Similarly, Cardenas-Garcia et al reported 19 cases (2%) of extravasation among 734 ICU patients receiving peripheral vasopressors for a duration of 49 ± 22 hours, with the highest dose 0.70 ± 0.23 mcg/kg/min.5 There was no documented tissue damage or infections at the extravasation sites. Notably, this study developed a detailed protocol for administering vasopressor medications through a PIV, which included use of a vein > 4 mm on ultrasound, IV gauge size of 20 or 18, no hand/wrist/antecubital fossa positions, assessment of peripheral IV access every two hours by nursing, and a maximum duration of 72 hours for peripheral IV use. In addition, they formulated a protocol for treatment of extravasation, which included the administration of phentolamine injection and the application of nitroglycerin paste to the area.
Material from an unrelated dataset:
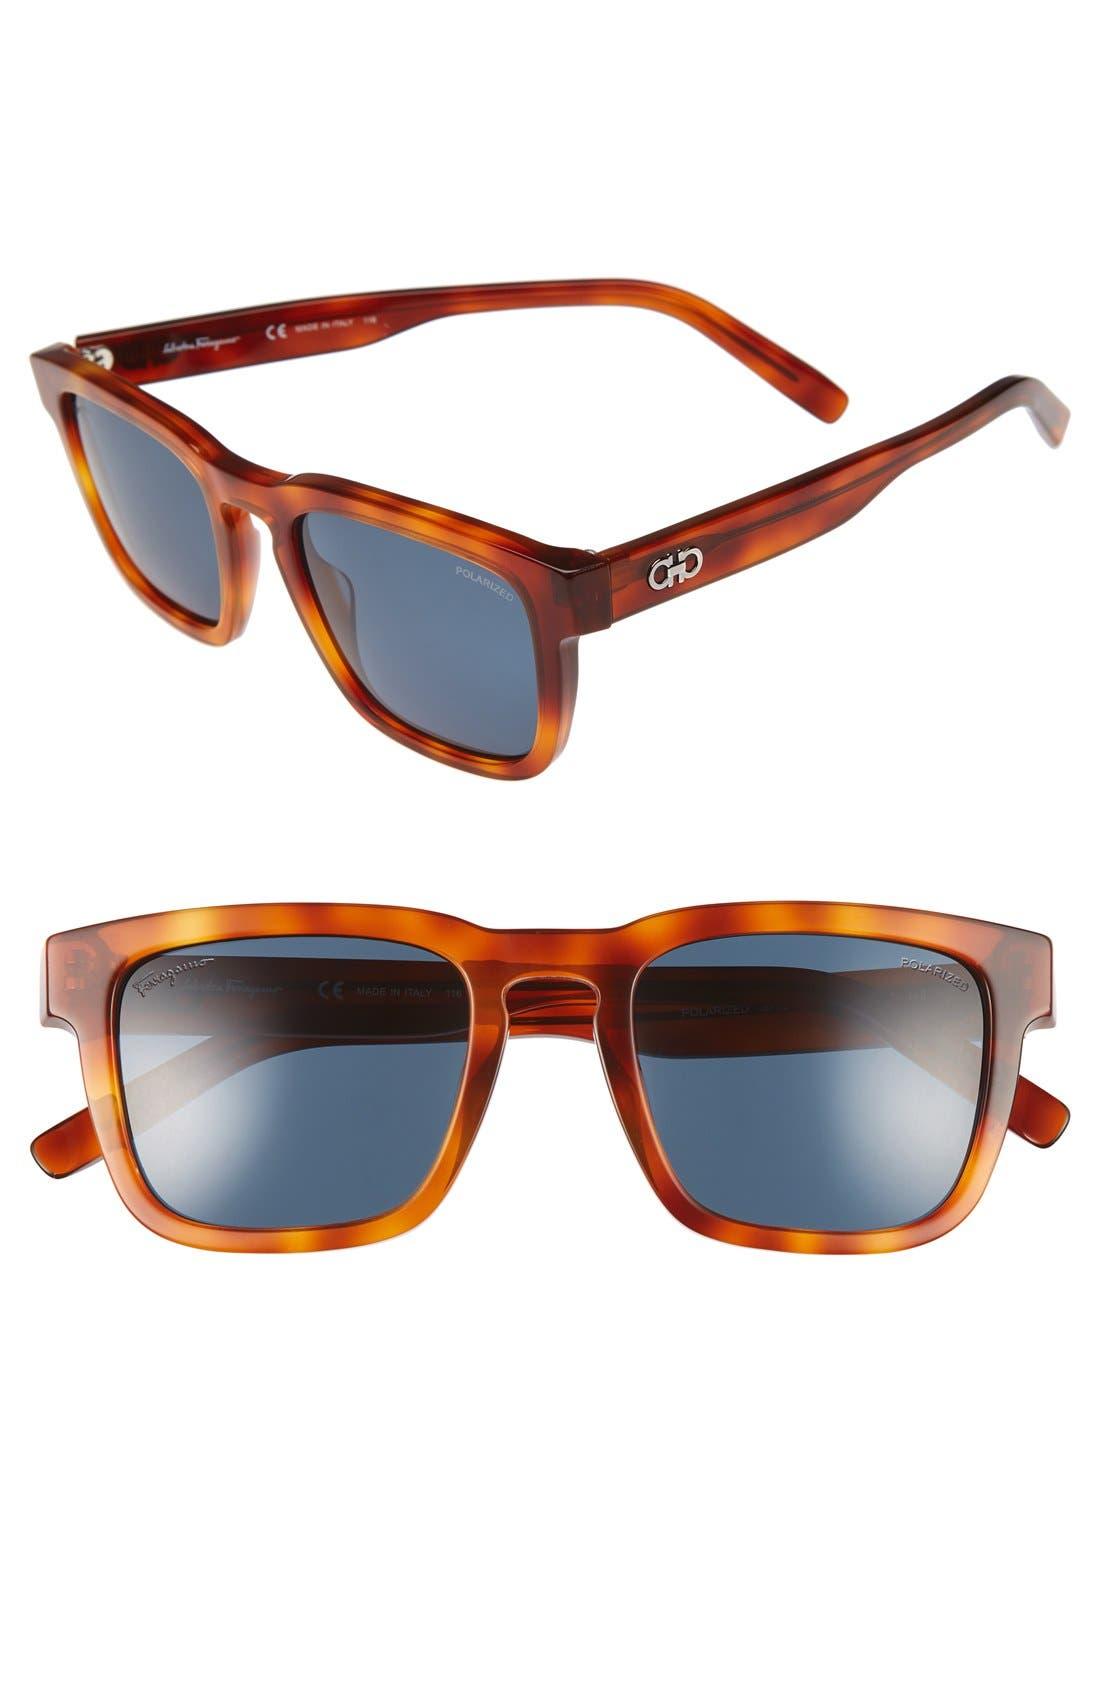 Salvatore Ferragamo 51mm Polarized Sunglasses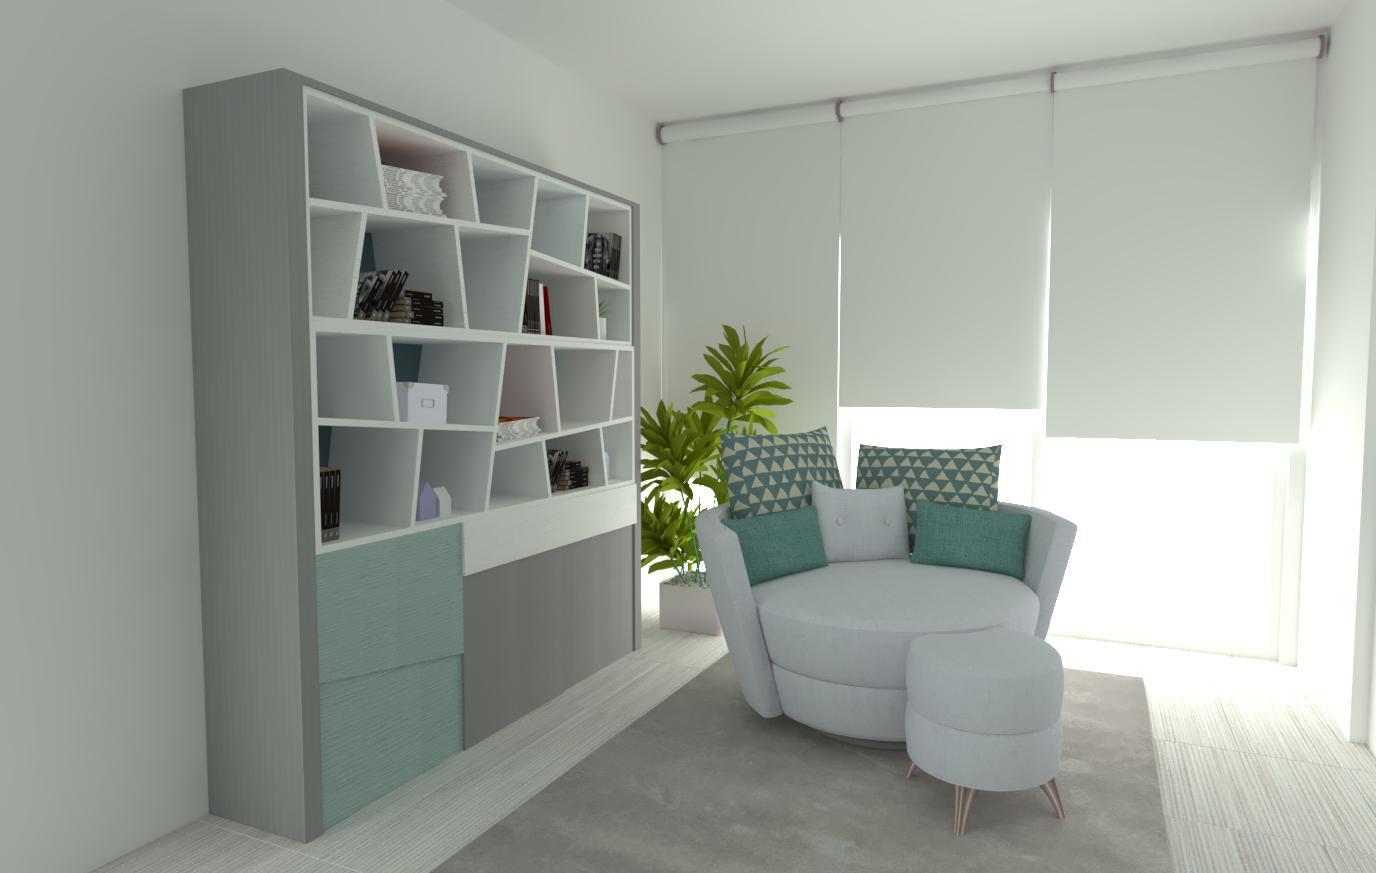 Salon con lectura saracibar sof s deco - Simulador decoracion salon ...

Taken together, the data suggest that short-term PIV infusion of norepinephrine likely is safe, with the incidence of extravasation being rare and unlikely to cause significant tissue damage when it does occur. However, it is important to keep in mind that vigilant surveillance of the PIV site, as well as other best clinical practices that may include ensuring the PIV is within the vein through ultrasound and/or blood return, and appropriate PIV positioning, are warranted.

REFERENCES

  1. Kim SM, et al. Well recognized but still overlooked: Norepinephrine extravasation. BMJ Case Rep 2012. doi:10.1136/bcr-2012-006836.
  2. Alexander CM, et al. Missed extravasation injury from peripheral infusion of norepinephrine resulting in forearm compartment syndrome and amputation. Am Surg 2016;82:e162-e163.
  3. Medlej K, et al. Complications from administration of vasopressors through peripheral venous catheters: An observational study. J Emerg Med 2018;54:47-53.
  4. Lewis T, et al. Safety of the peripheral administration of vasopressor agents. J Intensive Care Med 2019;34:26-33.
  5. Cardenas-Garcia J, et al. Safety of peripheral intravenous administration of vasoactive medication. J Hosp Med 2015;10:581-585.